Straddled by government-mandated security requirements and a ban from flying on the Jewish Sabbath, the airline has been slow to embark on the expensive endeavor of renewing their long-haul fleet, even as an EU-Israel “open skies” treaty brought new competition flooding onto their home turf.
Some high-yielding passengers on trunk routes to North America and Asia have peeled away to competitors like Turkish Airlines and Hong Kong’s Cathay Pacific, while the lower end of the market has also been squeezed by burgeoning low-cost expansion to Israel by the likes of Wizzair, Easyjet and Ryanair.
Sixteen Boeing 787 aircraft will be acquired through a combination of leasing and outright purchases, and the firm will phase out the Boeing 747 and 767 fleets, many of which are more than twenty years old.
What to expect on-board?
El Al will match the offerings of key competitors by introducing fully lie-flat business class seats with aisle access, compared to old-style recliners on existing aircraft that fly on crowded routes to Europe, the US and Canada.
The new interiors will also bring the entertainment system up to date. All classes will have much larger screens that currently installed on El Al’s fleet, featuring an on-demand system now common on most major carriers.
Galit Birenboim-Navon, who led the design team for the 787 program told i24NEWS that the “most important thing for passengers who fly business class is access to an aisle and a bed which is fully flat, and a lot of privacy for themselves.”
The new aircraft will also see the introduction of a premium economy cabin in the Israeli market for the first time, which Birenboim-Navon said “is very good for those who wish to be a little bit more, to have the prestige, to have the privacy of a closed cabin.”
None of the planes will be delivered with first class. While Birenboim-Navon said that it was not an explicit decision to jettison an ultra-premium cabin, opting not to include it in the Dreamliner configuration is the prevailing trend in the aviation industry.

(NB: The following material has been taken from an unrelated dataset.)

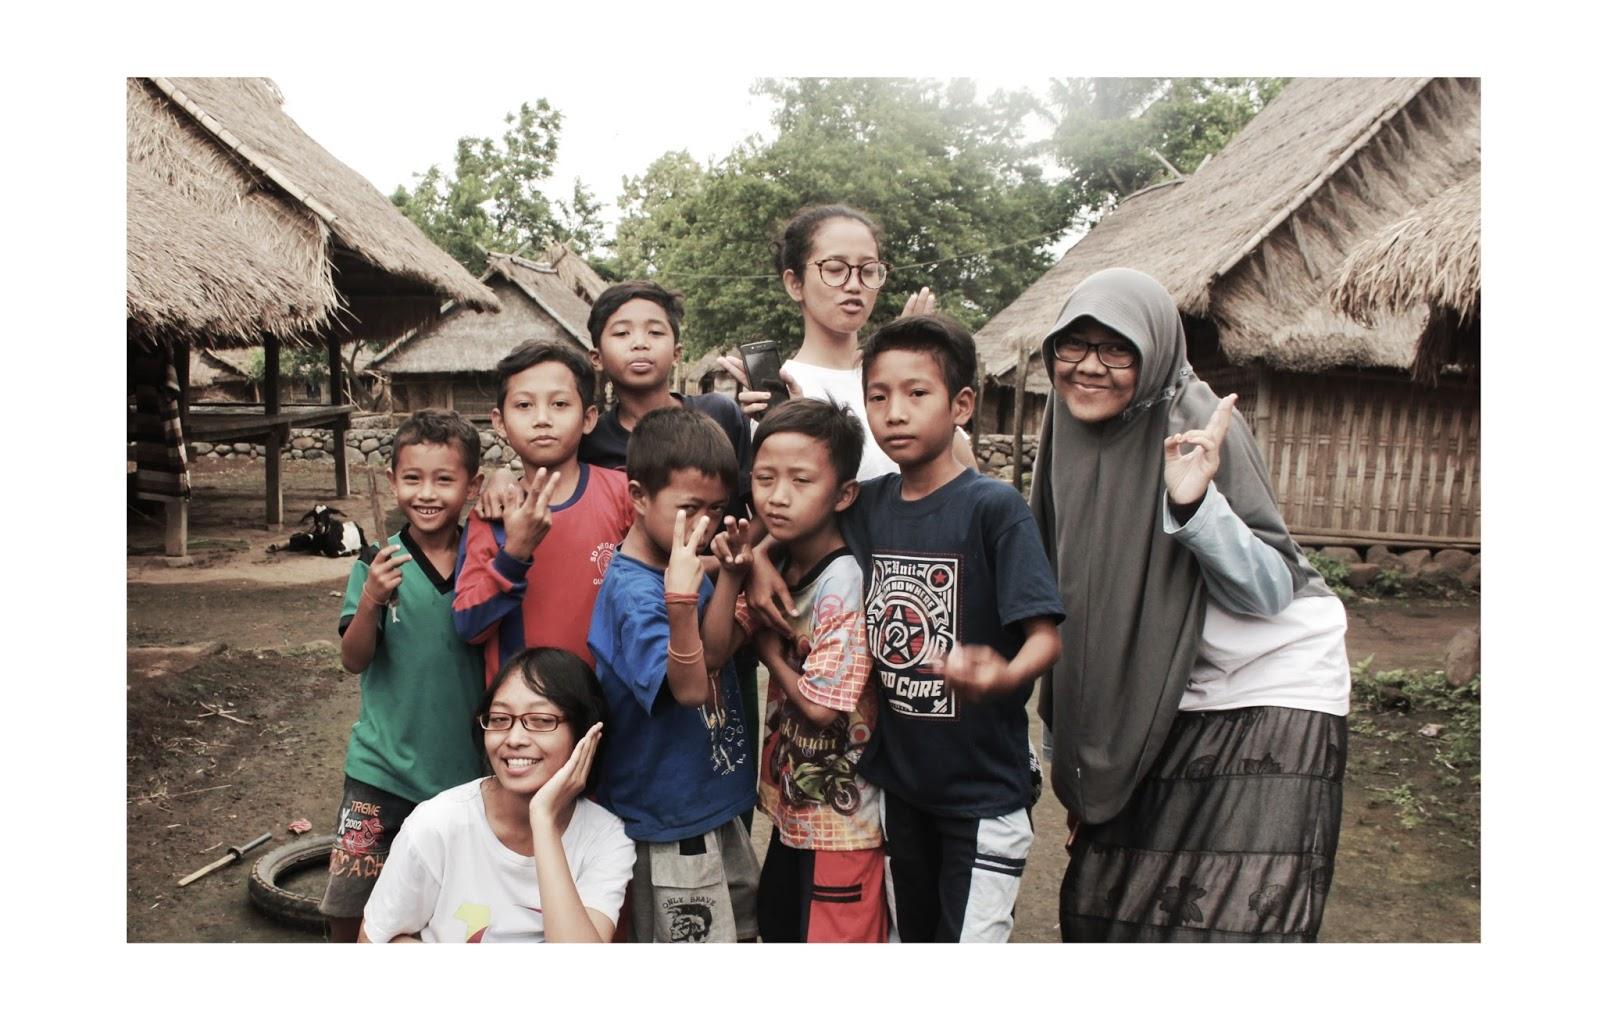 Keluh Kesah Desa Berlimpah Air Dusun Dasan Beleq Gumantat Kabupaten

“I think that there is a trend in the world that a lot of airlines are improving the business class productivity that is a little bit more like a business first product.”
However, a company spokesman confirmed that the airline’s six Boeing 777 aircraft – deployed on routes to Los Angeles, Beijing and soon, Miami – will not be refurbished with new interiors.
In Boeing's pocket?
Both the airline and Boeing dismissed the prevailing theory in the aviation industry that El Al is a wedded customer to the US aviation giant because of the unique economic and security relationship between Jerusalem and Washington DC.
“It was a tender between Boeing and Airbus,” Maimon told i24NEWS, referring to Boeing’s French-based rival for long-haul aircraft contracts.
“I think that Boeing were willing to give us more benefits. I think that Boeing’s aircraft, are better, from our perspective, than the 350 aircraft,” he added. Airbus’ A350 model is the planemaker’s slightly newer alternative to the 787.
Boeing’s Vice-Chariman and CEO at the time of the deal with El Al, Raymond L. Conner, also asserted that the order faced vigorous competition from Airbus. “This was a hard-fought camp and they kept hitting us hard, and we won,” he told i24NEWS. “But it was very significant for us to win. There was a full-on competition, absolutely, no question about it.”